Comment 0 for bug 1557761

Revision history for this message
Will Bryant (willbryant) wrote :

We have noticed that the upgrade from 12.04 to 14.04 has resulted in daemons that are started from rc.d scripts sometimes being run twice.

We've tracked this down to a race condition in the failsafe script. Here is the normal sequence of events:

Mar 16 10:39:37 failsafe: Failsafe of 120 seconds reached.
Mar 16 10:39:37 failsafe: net-device-up start event emitted
Mar 16 10:39:37 failsafe: starting failsafe script
Mar 16 10:39:37 failsafe: sleeping in failsafe script
Mar 16 10:39:37 failsafe: static-network-up start event emitted
Mar 16 10:39:37 failsafe: rc-sysinit starting event emitted
Mar 16 10:39:37 kernel: [ 2.056689] init: failsafe main process (642) killed by TERM signal

(Note the inaccurate message about the 120 seconds being reached which is actually logged immediately on boot - best just to ignore that.
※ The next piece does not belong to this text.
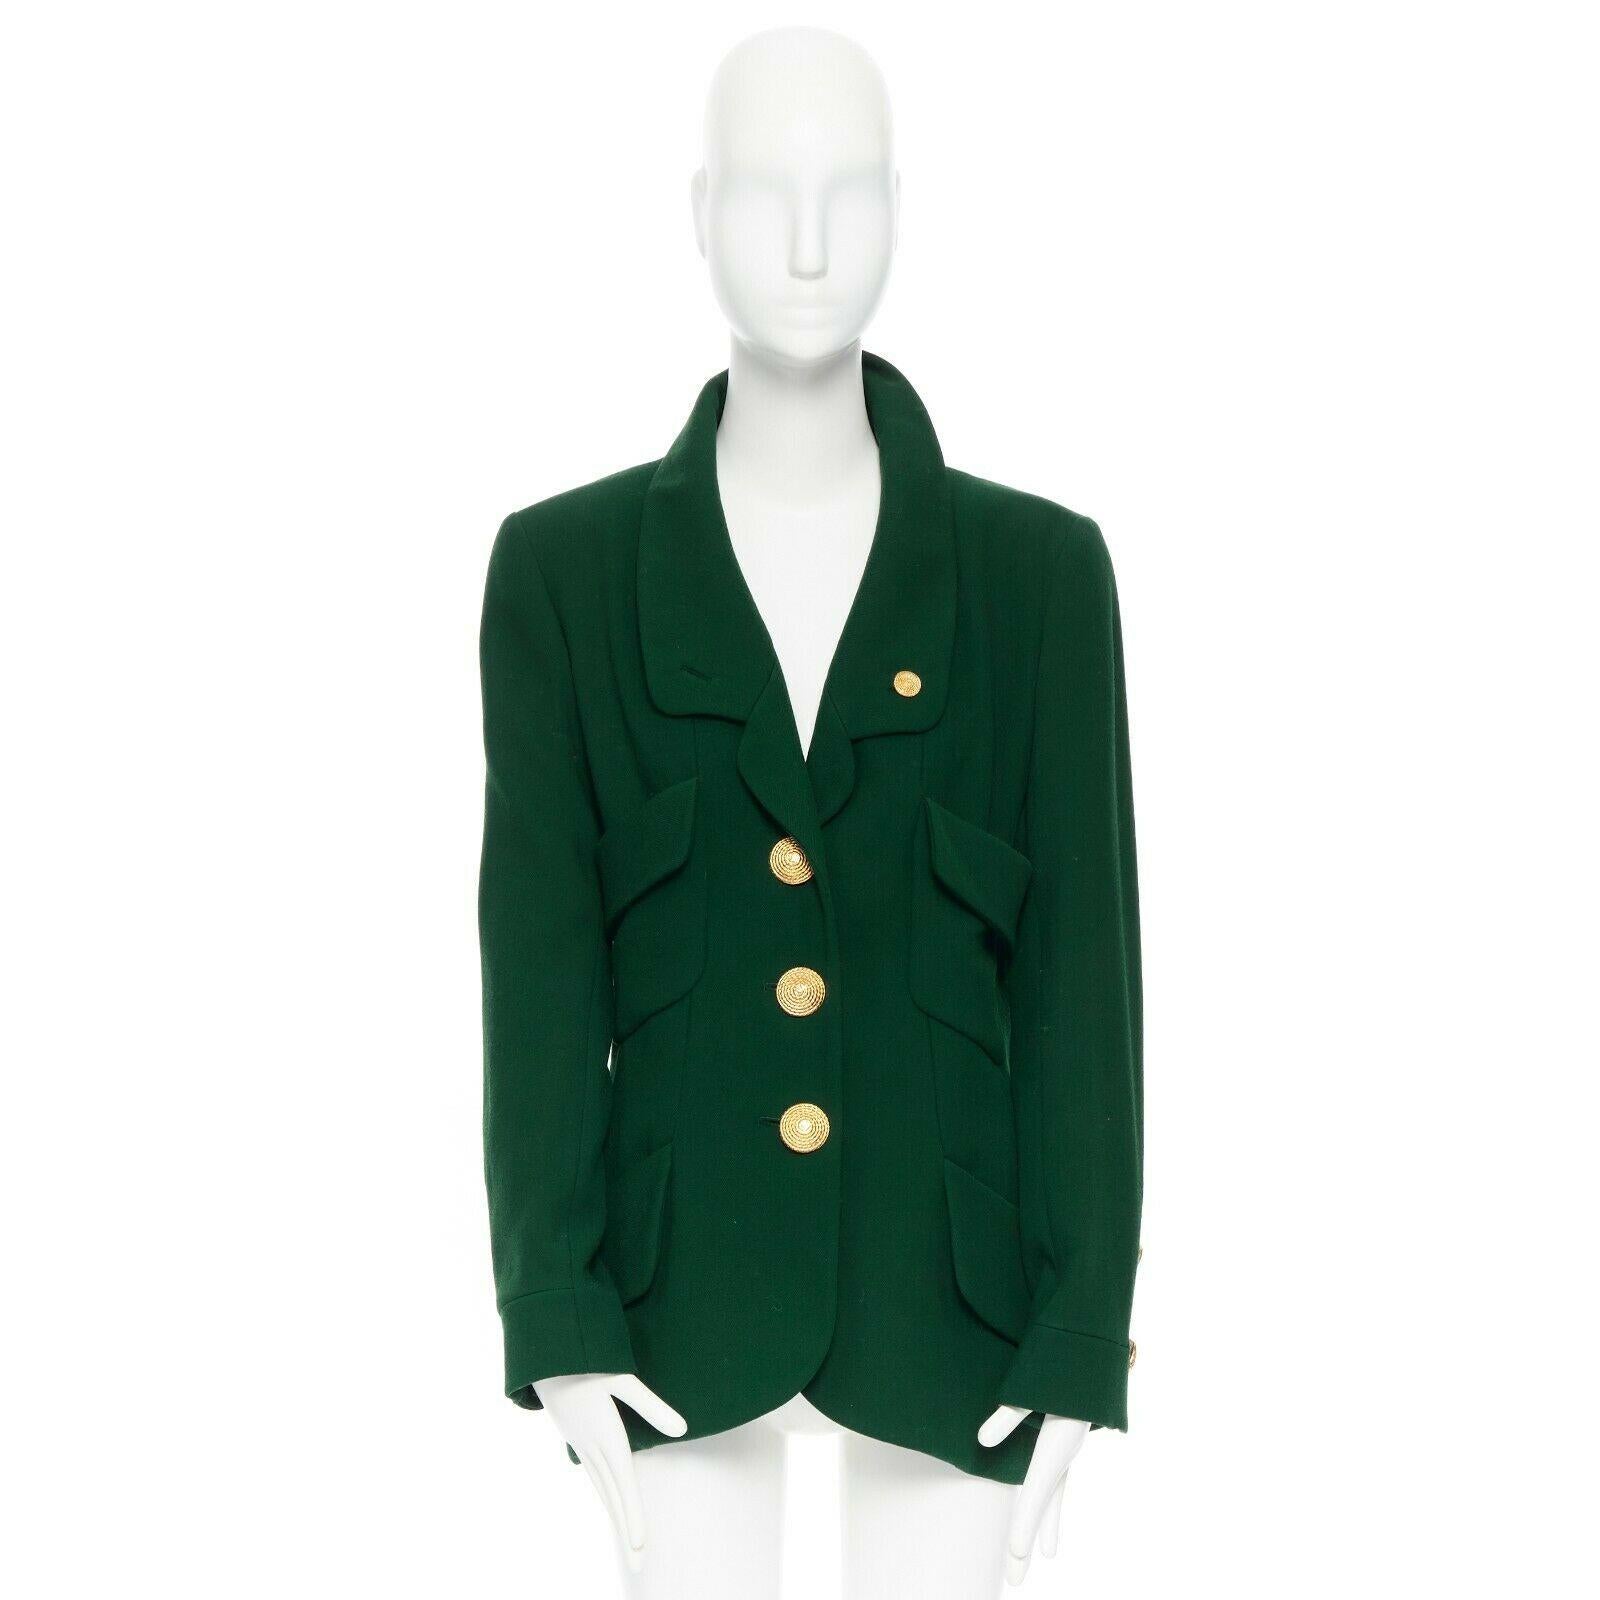 green jacket with gold buttons

The TERM warning is also harmless - that is the normal result.)

Here is what we see on a bad boot, where the rc.d scripts are started twice:

Mar 16 10:24:47 failsafe: static-network-up start event emitted
Mar 16 10:24:47 failsafe: rc-sysinit starting event emitted
Mar 16 10:24:47 failsafe: Failsafe of 120 seconds reached.
Mar 16 10:24:47 failsafe: net-device-up start event emitted
Mar 16 10:24:47 failsafe: starting failsafe script
Mar 16 10:24:47 failsafe: sleeping in failsafe script
Mar 16 10:26:47 failsafe: emitting from failsafe script
Mar 16 10:26:47 failsafe: rc-sysinit starting event emitted
Mar 16 10:26:47 kernel: [ 122.229597] init: failsafe main process (797) killed by TERM signal

rc-sysinit has been emitted twice.

Note that the rc-sysinit event has been emitted before the failsafe script has been emitted, because in this boot it happens that the static-network-up event was emitted before the net-device-up event.

As a result, the normal stop on "starting rc-sysinit" rule in the failsafe job definition doesn't work because the failsafe job is not yet running.

Another way to look at the issue is that the rc-sysinit job definition's "start on (filesystem and static-network-up) or failsafe-boot" means that it will always start twice if it finishes before the failsafe handler fires.